First-quarter sales and operating profit are expected to reach 358 billion KRW and 26 billion KRW, respectively, representing growth of 5% and 22% compared to the same period last year. Operating profit is forecasted to exceed market expectations by 11%. The high growth of imported brands is the key driver of performance improvement.
Fashion operating profit is expected to increase by 41% year-on-year to 18 billion KRW. Imported fashion is projected to see a 32% increase in operating profit due to strong sales. Domestic fashion is also expected to perform well both domestically and internationally, with operating profit margin rising by 1.3 percentage points year-on-year, supported by the growth of Tomboy. Operating profit in the cosmetics segment is expected to decline by 22% to 9 billion KRW. While in-house brands are underperforming due to restructuring, high-margin imported cosmetics sales are expected to increase by 7% compared to the previous year.

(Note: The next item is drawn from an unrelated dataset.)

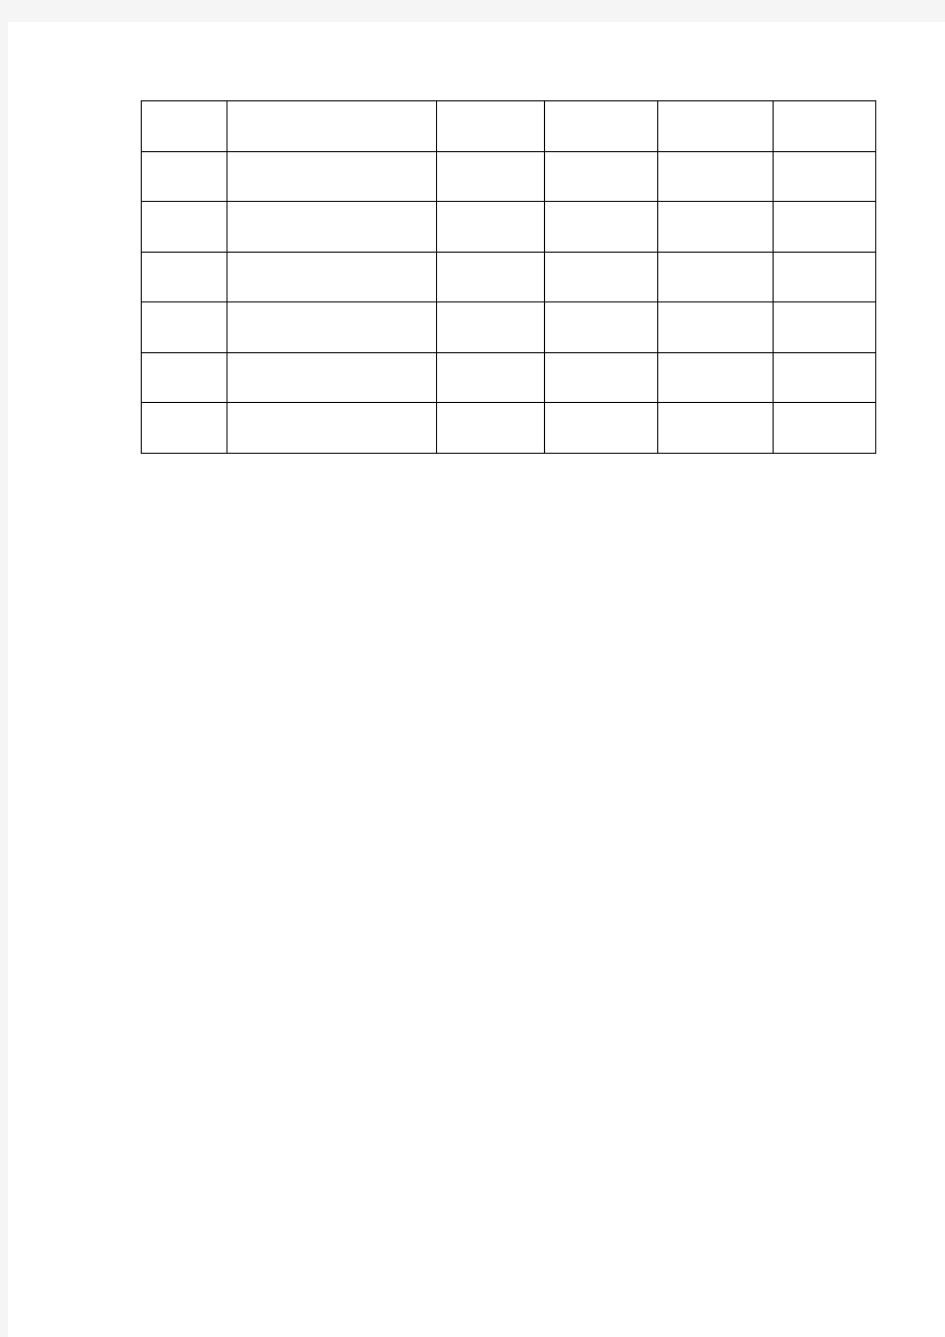 学校实验室自制教具登记表

Department store growth continues to be led by luxury goods. Luxury sales in January and February increased by 47% and 33%, respectively, compared to the same period last year, surpassing the overall department store sales growth rate. Ha-kyung Park, a researcher at Korea Investment & Securities, said, “While trends between luxury goods and general apparel are sharply diverging, Shinsegae International is responding to market changes by strengthening its overseas fashion lineup and restructuring its domestic fashion business. As luxury consumption shifts online, its own mall, SI Village, is gaining attention; since it imports and distributes through official licenses, the authenticity trust is high.”
Due to the high growth of the domestic luxury market, attempts by overseas brands to enter directly are increasing. Although this poses a negative factor for Shinsegae International, which operates distribution through licensing, it is analyzed as proof of the company’s brand discovery capability and distribution network strength. Previously, the company not only developed fashion but also introduced lesser-known overseas perfume brands domestically, helping to open the niche perfume market.
Researcher Ha-kyung Park added, “The proportion of China in the cosmetics business is shrinking, and supported by the growth of the domestic perfume market, the share of high-profit imported cosmetics will expand. Along with discovering new brands and growing imported cosmetics, the company will secure mid- to long-term growth engines by fostering its own cosmetics brands.”